Unless you’re like me and made it a point to notice what people were reading you wouldn’t know. These books were something that Commuters ‘did’ on the way to work and when they were done commuting they were done with the book.

Of course, Harry Potter changed all of that.

When these people read the Potter books they’re leaning into the book, their faces are animated and when their stop comes up they carefully pop a marker into place and they carry their book under their arms close to themselves.

So today I thought, really, all theories aside what is it about a kid studying magic that really interests us?

And then I thought about my kids and how they used to demand “A Story “at bedtime.

“What kind of story?” I used to ask.

And my kids would say, “A good one.”

This is the kind of story my kids considered “good “and the ones I liked to tell:

We liked stories about good guys who win, about people who are fair, about friends that are loyal and stories where you get the chance to have that moment where you can be the person you know that you really are.

When I’d finish they’d look up and say, ” now that’s a story…a good one.”

Like my kids I think that a lot of us want stories about underdogs that become heroes and heroes that we discover are just people- just like us.

So I’m wondering, why is it now that all of the sudden these themes are finding their way into our everyday lives and hands of people waiting for a bus or sitting in a park or waiting in offices. Why do we crave these stories about a kid who studies magic when a few years ago Attorneys and CIA agents and women who were in ‘search of themselves’ were all the rage and we were perfectly willing to lose ourselves in their lives.

Their lives.

I think I know part of the answer now- and it’s been there all along.

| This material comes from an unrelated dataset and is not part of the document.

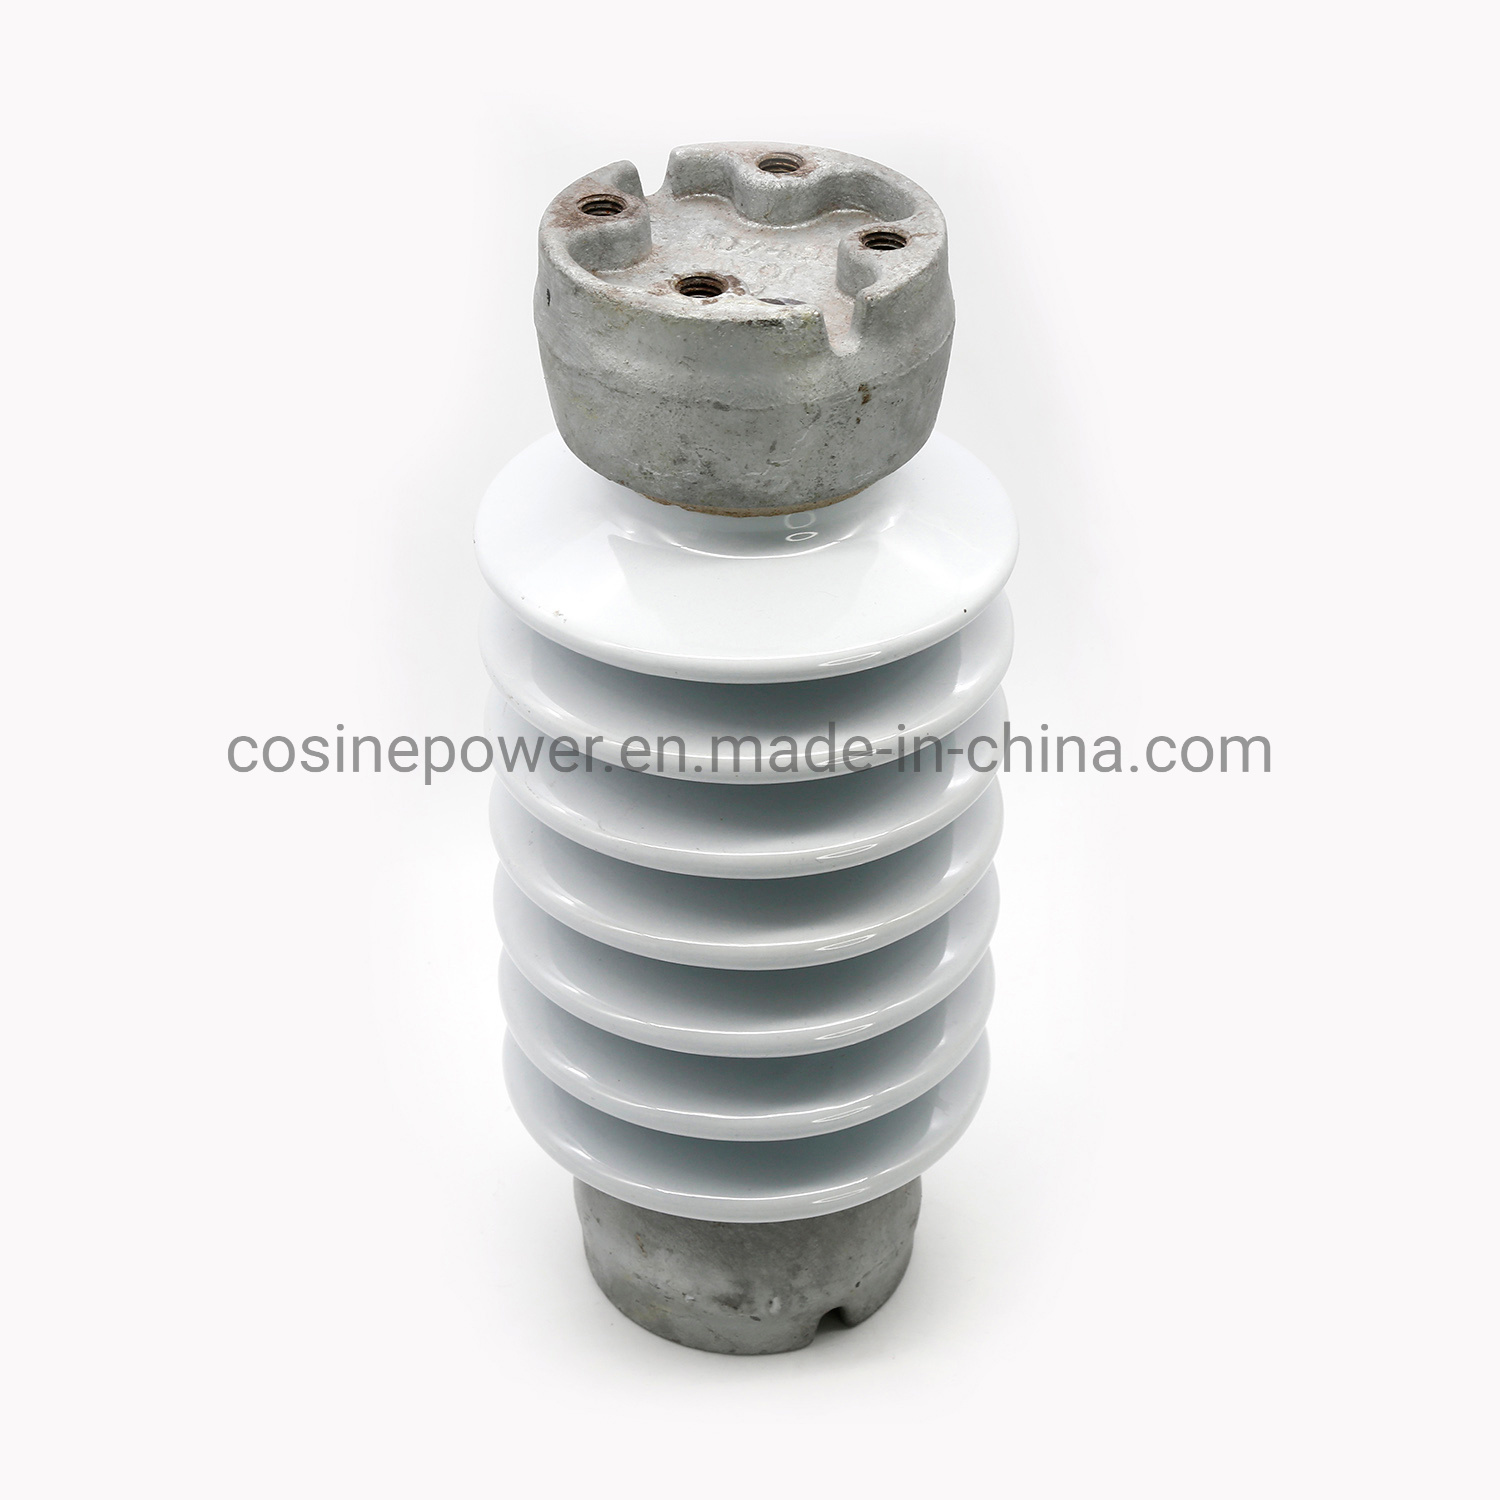 
                        Ceramic/Porcelain Post Insulator Used in High Voltage Power Station

We want a story about heroes and fairness and friendship.

It’s a good story- isn’t it?

5 thoughts on “I Want a Story

  1. this was interesting. I just read an incredibly accurate account of what an average writer JK is. The guy was right. What he left out though was what you just wrote. No matter how lazy her writing, she has written a great fun story.

    hi anita

  2. Hi Criminy
    Sorry it took so long to get your comment up, my computer is having issues.

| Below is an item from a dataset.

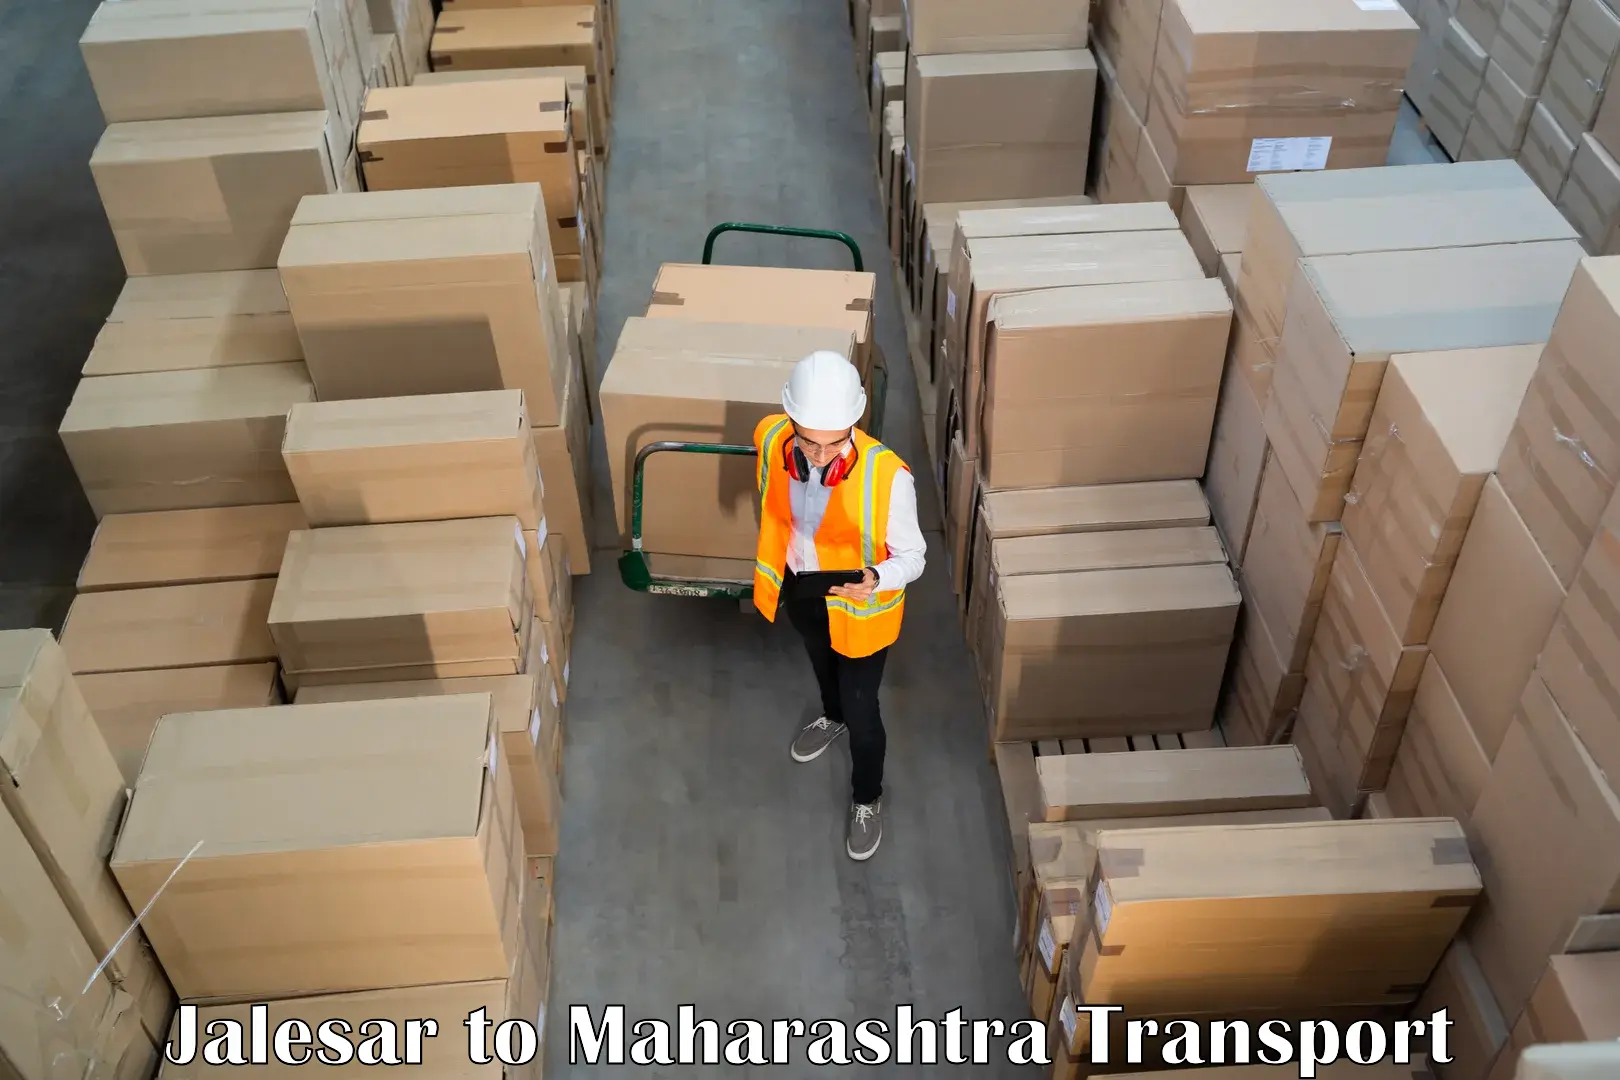 Truck transport companies in India Jalesar to Alephata

    I have this theory, there are writers and there are story tellers and they hate each other.

    It’s just a theory.

  3. You know, I think you may just be right. A great deal of the stuff that is considered literature these day I don’t enjoy reading. The story sucks. I read to be entertained, and a story teller does just that. That is the important part for me. The rest of it is just icing. If you have something that isn’t worth saying, then all the wonderful prose in the world isn’t going to make it a good read!

  4. Maybe the “real writers” are just jealous because they wouldn’t know good story if it hit them upside the head.